Single by Sam Smith

from the album Gloria
- Released: 27 January 2023
- Genre: Dance-pop; disco;
- Length: 3:49 (album version) 3:14 (radio edit)
- Label: Capitol
- Songwriters: Sam Smith; Jessie Reyez; Mikkel S. Eriksen; Tor Erik Hermansen; Adam Wiles;
- Producers: Sam Smith; Stargate; Calvin Harris;

Sam Smith singles chronology
| "Gimme" (2023) | "I'm Not Here to Make Friends" (2023) | "Vulgar" (2023) |

Music video
- "I'm Not Here to Make Friends" on YouTube

= I'm Not Here to Make Friends =

"I'm Not Here to Make Friends" is a song by the English singer Sam Smith. It was released on 27 January 2023 by Capitol Records as the fourth single from Smith's 2023 studio album, Gloria. The song was produced by Calvin Harris, Stargate, and Smith, and features vocals by RuPaul and Jessie Reyez. Smith previously collaborated with Harris and Reyez on "Promises" in 2018.

==Background==
Sam Smith announced through a social media post their fourth studio album Gloria, attached with the official cover art, on 17 October 2022 after the release of the album's lead single "Unholy".

The track was announced on 30 November 2022, via a clip on Smith's official social media platforms. In the clip, Smith is mouthing the lyrics to the song while clothed in a pashmina dress, but is slowly revealed to be solely wearing fishnets over underwear with exposed thighs.

==Critical reception==
The track received mixed to positive reviews from critics. Jamieson Cox of Pitchfork described the song as "a whirlwind of grown-up lust that evokes George Michael... circa 'Fastlove' and 'Outside.'" Lindsay Zoladz of The New York Times describes the song as "sleek, glittery... [and] taps into the pop-disco revival ignited by artists like Dua Lipa and Jessie Ware, taking its shout-along hook from a common reality show refrain."

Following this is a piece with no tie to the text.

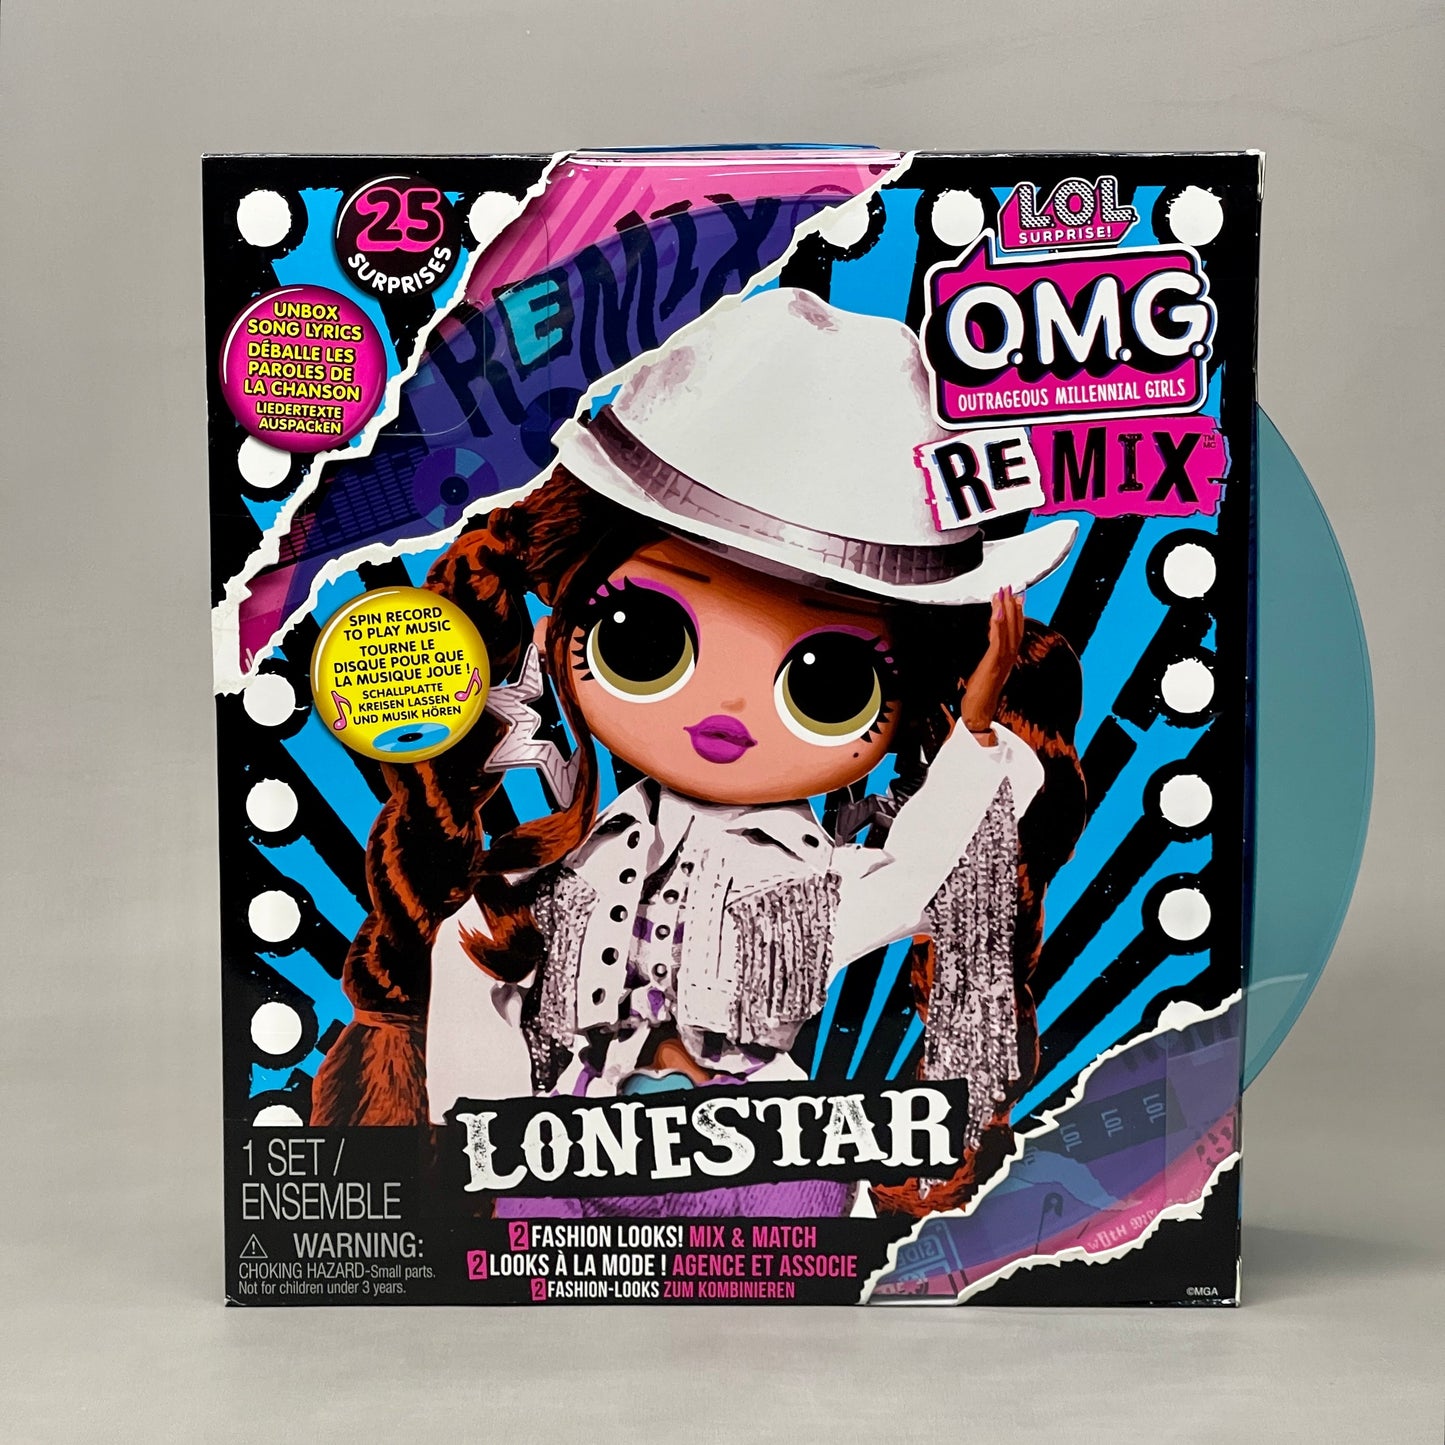 LOL Surprise OMG Remix Lonestar Doll w/ Surprises Ages 4 & up (New)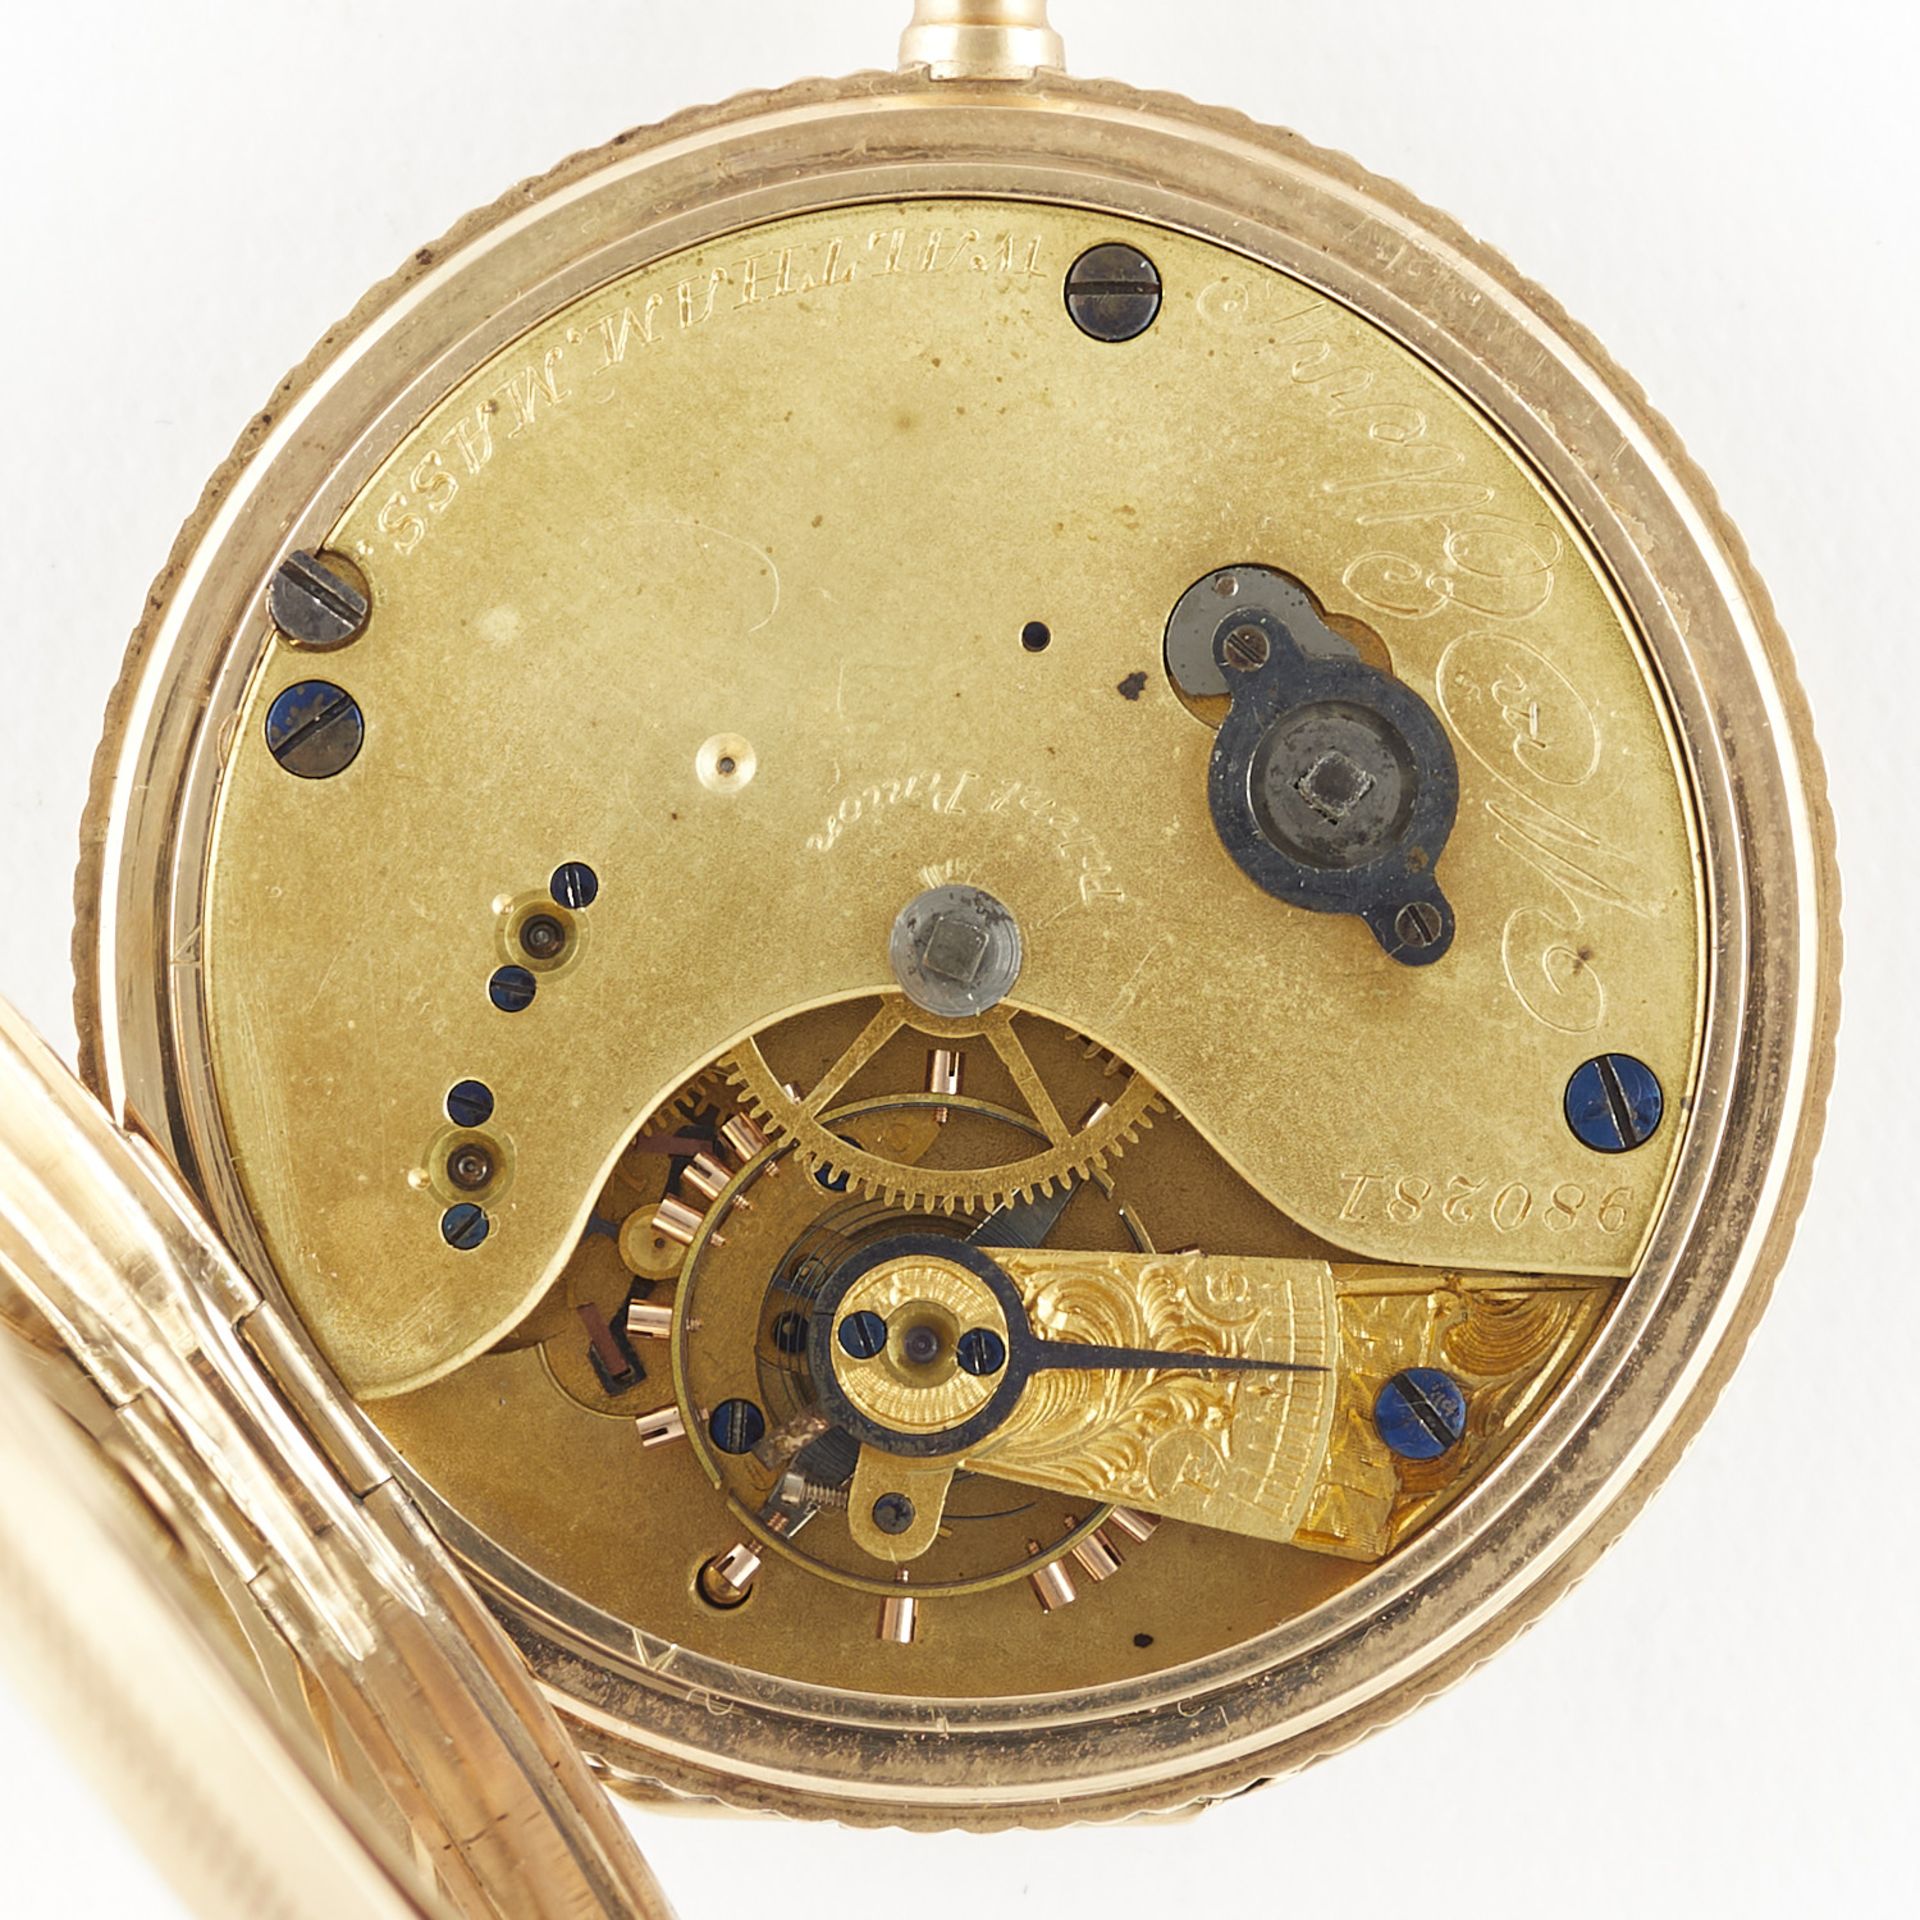 Am. Watch Co. William Ellery Pocket Watch - Image 5 of 8

Alexis Petridis of The Guardian refers to the track as one of the highlights of Gloria, describing it as a "disco-fied" track about "finding a one-night stand on the dancefloor." Petridis later states that "elsewhere, their voice proves a problem. If you sing about loving yourself or flirtation in the same disconsolate tone that you sing about being abandoned by your recent ex-partner... it's going to have a levelling effect, making the material seem less varied."

===Year-end lists===

Select year-end rankings of "I'm Not Here to Make Friends"
| Publication | List | Rank | Ref. |
|---|---|---|---|
| Billboard | The 100 Best Songs of 2023 (Staff Picks) | 62 |  |

==Music video==
A music video for "I'm Not Here to Make Friends" was released on 27 January 2023. It was directed by Tanu Muino. The video starts with Smith, wearing an enormous pink coat designed by Japanese fashion designer Tomo Koizumi, arriving at Ashridge, Hertfordshire, by helicopter. Once inside, dancers and drag queens surround the singer for a series of routines, with Smith wearing different outfits for each routine. It received controversy online due to its suggestive nature.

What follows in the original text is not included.